Notice that rasterio returns by default an array with 3 dimensions (out_image), for which we have selected the first band manually. This functionality exists to deal with multiband rasters.

Writing rasters#

Let’s save the raster we just clipped

# Set the output file
output_raster_path = "./data/clipped.tif"

# Extract some information from the image we processed
kwargs = src.meta
kwargs.update(height=out_image.shape[1], width=out_image.shape[2], count=out_image.shape[0], dtype=out_image.dtype, crs=src.crs)

# Save
with rasterio.open(output_raster_path, "w", **kwargs) as dst:
    dst.write(out_image)

print(f"Raster data has been written to {output_raster_path}")

Raster data has been written to ./data/clipped.tif

Reprojecting Rasters#

We use the rasterio.warp module to change raster projections.

Let’s reproject our clipped raster to the WGS 84 (EPSG:3857) CRS and save the reprojected raster to a new file.

from rasterio.warp import calculate_default_transform, reproject, Resampling

# Set output filename
raster_path = "./data/clipped.tif"
dst_crs = "EPSG:4326"  # WGS 84
output_reprojected_path = "./data/clipped_reprojected.tif"

with rasterio.open(raster_path) as src:
    transform, width, height = calculate_default_transform(src.crs, dst_crs, src.width, src.height, *src.bounds)

    profile = src.profile
    profile.update(crs=dst_crs, transform=transform, width=width, height=height)

    with rasterio.open(output_reprojected_path, "w", **profile) as dst:
        for i in range(1, src.count + 1):
            reproject(
                source=rasterio.band(src, i),
                destination=rasterio.band(dst, i),
                src_transform=src.transform,
                src_crs=src.crs,
                dst_transform=transform,
                dst_crs=dst_crs,
                resampling=Resampling.nearest,
            )
print(f"Reprojected raster saved at {output_reprojected_path}")

Reprojected raster saved at ./data/clipped_reprojected.tif

Multiband Rasters#

Satellite data is generally composed of a number of spectral bands.

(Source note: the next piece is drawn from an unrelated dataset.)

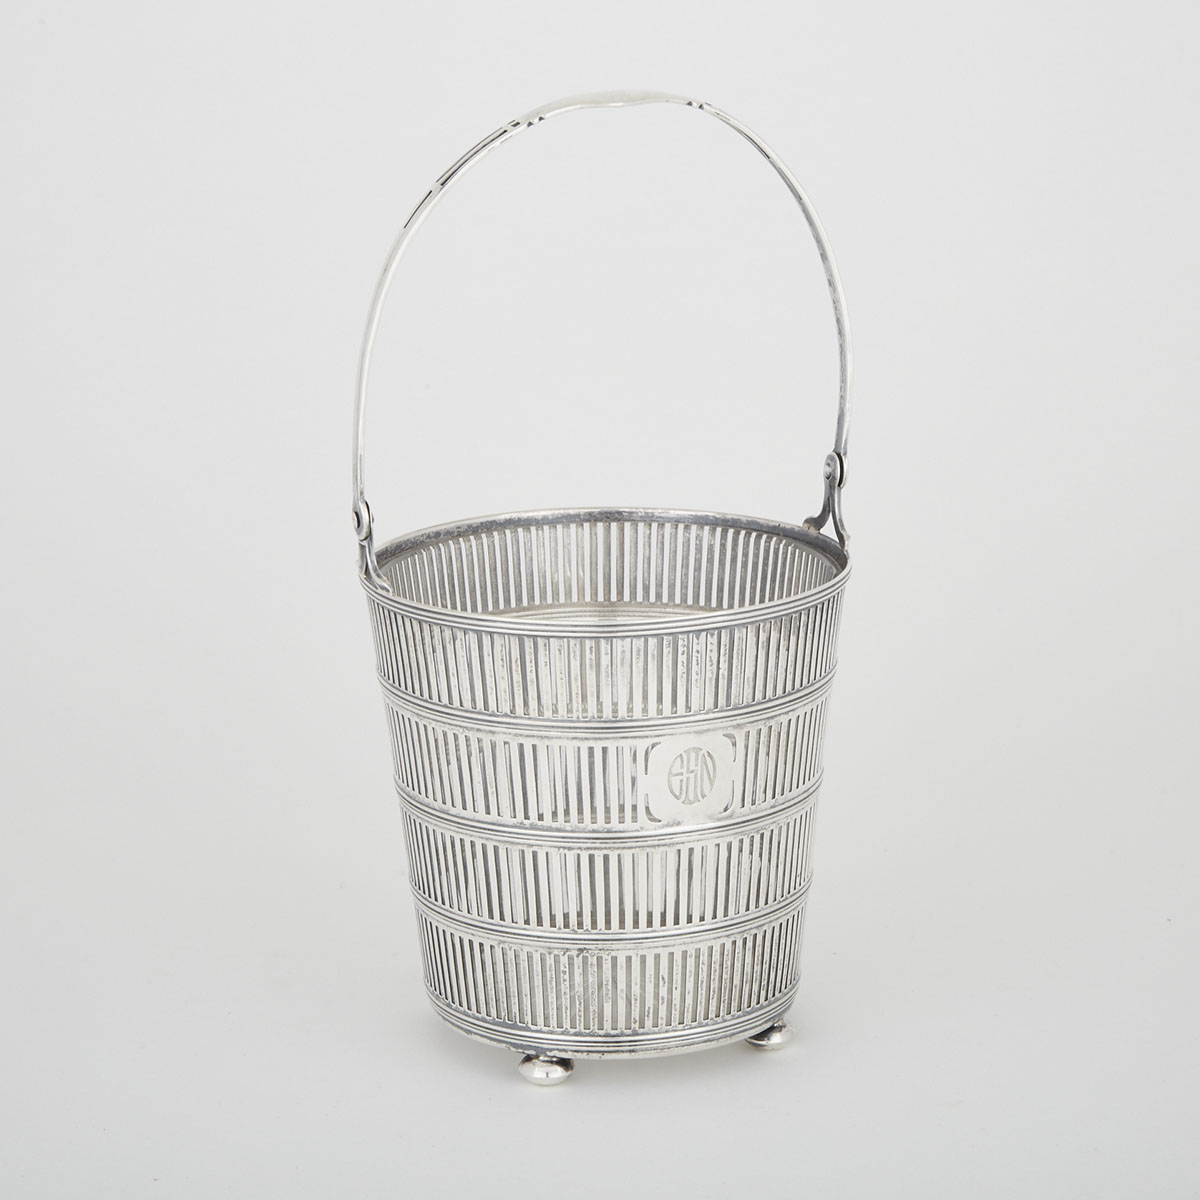 American Silver Ice Bucket, Watson Co., Attleboro, Mass., early 20th century

Each band measures the light reflected between two wavelengths (hence the term ‘band’). Rasterio allows us to work with these bands individually and in concert.

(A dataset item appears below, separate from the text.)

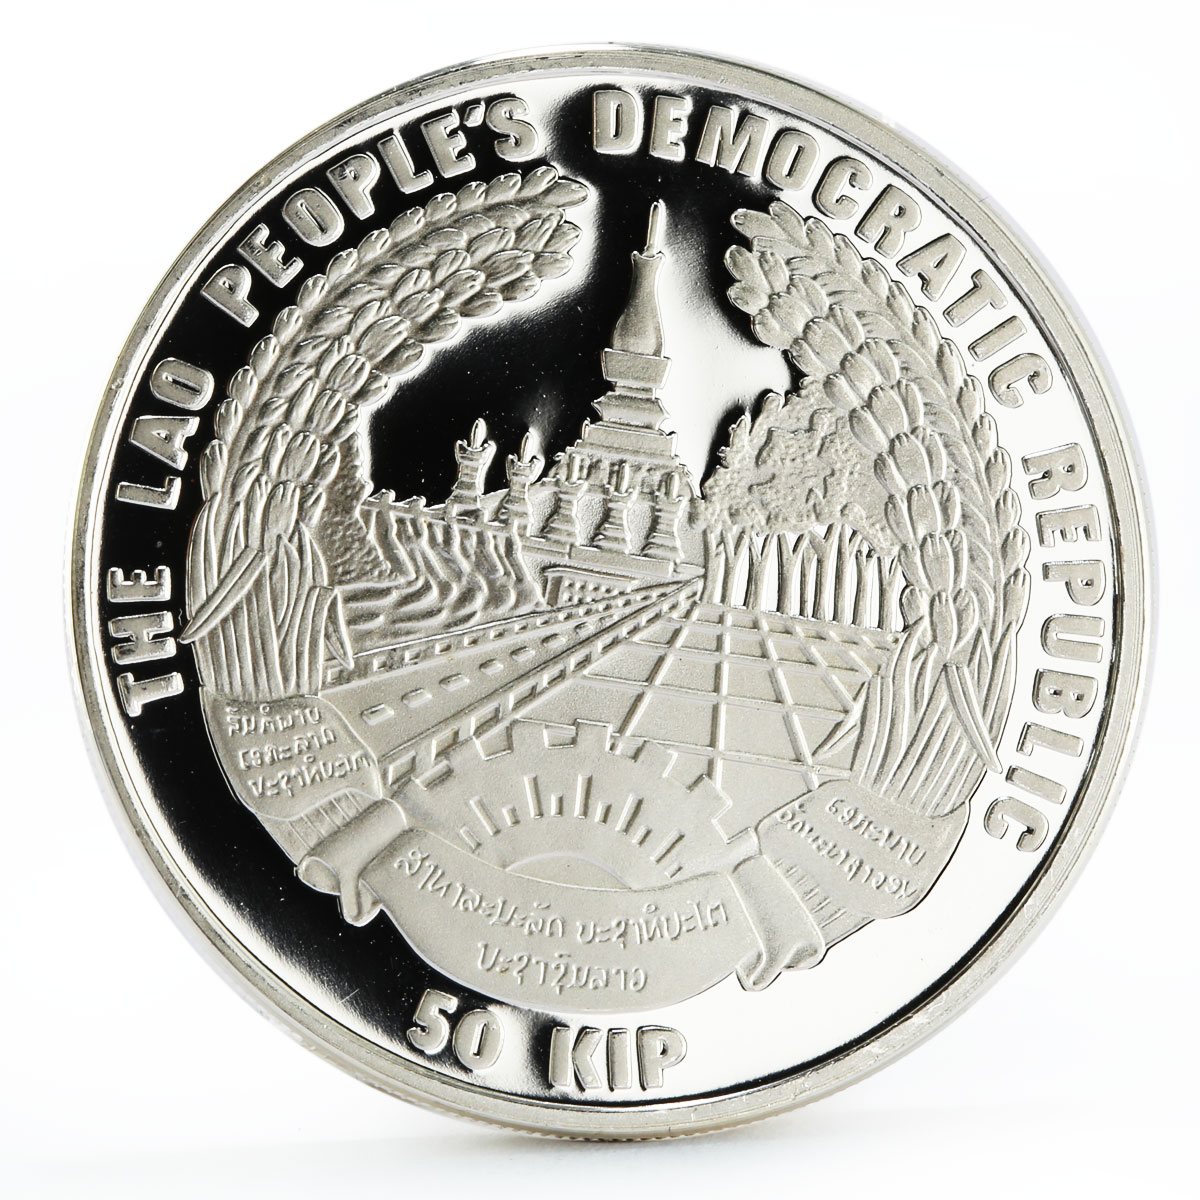 Laos 50 kip World Food Summit in Rome silver coin 1996

For example, NASA’s Landsat Satellites record the following bands:

Name	Wavelength	Description
SR_B1	0.435-0.451 μm	Band 1 (ultra blue, coastal aerosol) surface reflectance
SR_B2	0.452-0.512 μm	Band 2 (blue) surface reflectance
SR_B3	0.533-0.590 μm	Band 3 (green) surface reflectance
SR_B4	0.636-0.673 μm	Band 4 (red) surface reflectance
SR_B5	0.851-0.879 μm	Band 5 (near infrared) surface reflectance
SR_B6	1.566-1.651 μm	Band 6 (shortwave infrared 1) surface reflectance
SR_B7	2.107-2.294 μm	Band 7 (shortwave infrared 2) surface reflectance

Let’s plot all the bands in this raster

# Read multiband Landsat image:
raster_path = "https://github.com/opengeos/datasets/releases/download/raster/LC09_039035_20240708_90m.tif"
# raster_path = "./data/LC09_039035_20240708_90m.tif"
src = rasterio.open(raster_path)
print(src)

# Specify band names:
band_names = ["Coastal Aerosol", "Blue", "Green", "Red", "NIR", "SWIR1", "SWIR2"]

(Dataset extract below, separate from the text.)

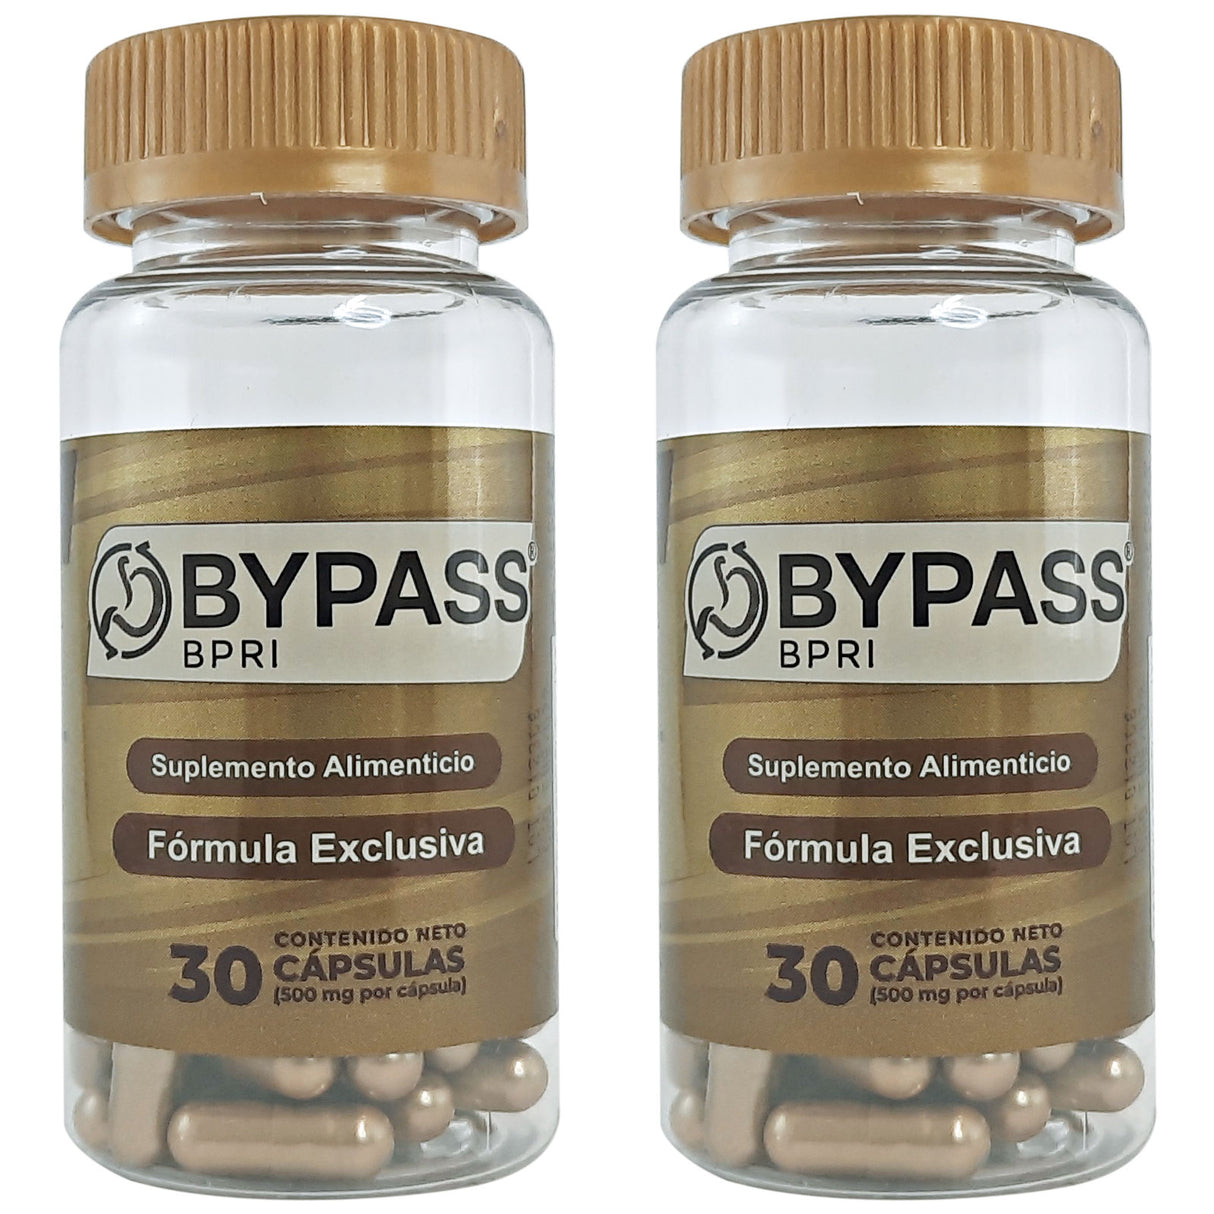 Bypass Bpri 30 capsulas 500 mg - Perdida de Peso Natural

<open DatasetReader name='https://github.com/opengeos/datasets/releases/download/raster/LC09_039035_20240708_90m.tif' mode='r'>

# Plot raster:

fig, axes = plt.subplots(nrows=3, ncols=2, figsize=(8, 10))
axes = axes.flatten()  # Flatten the 2D array of axes to 1D for easy iteration

for band in range(1, src.count):
    data = src.read(band)
    ax = axes[band - 1]
    im = ax.imshow(data, cmap="gray", vmin=0, vmax=0.5)
    ax.set_title(f"Band {band_names[band - 1]}")
    ax.axis("off")
    fig.colorbar(im, ax=ax, label="Reflectance", shrink=0.5)

plt.tight_layout()
plt.show()

_images/93a4b48aed2f16185355f7893deec441c3d414704fa89afe76d17a856e8012be.png

True color image#

In order to visualize a true color image, we need to visualize band 2 (blue), band 3 (green), and band 4 (red) in the same image:

nir_band = src.read(5)
red_band = src.read(4)
green_band = src.read(3)

# Stack the bands into a single array
rgb = np.dstack((nir_band, red_band, green_band)).clip(0, 1)

# Plot the stacked array
plt.figure(figsize=(6, 6))
plt.imshow(rgb)
plt.axis("off")
plt.title("Bands NIR, Red, and Green combined")
plt.show()

_images/0d14bc938e6a1eff9ea756ff5501eaf4afc5a64e26e7d97812fa1e76d8a96014.png

src.nodata

-inf

Band math: Calculating NDVI#

A common metric that we can derive from multiple bands is Normalized Difference Vegetation Index (NDVI), which is defined as:

\[NDVI = (NIR - Red) / (NIR + Red)\]

# NDVI Calculation: NDVI = (NIR - Red) / (NIR + Red)
ndvi = (nir_band - red_band) / (nir_band + red_band)

/var/folders/df/w347rlh96tx42h1kl69_4r8w0000gn/T/ipykernel_73601/134765836.py:2: RuntimeWarning: invalid value encountered in subtract
  ndvi = (nir_band - red_band) / (nir_band + red_band)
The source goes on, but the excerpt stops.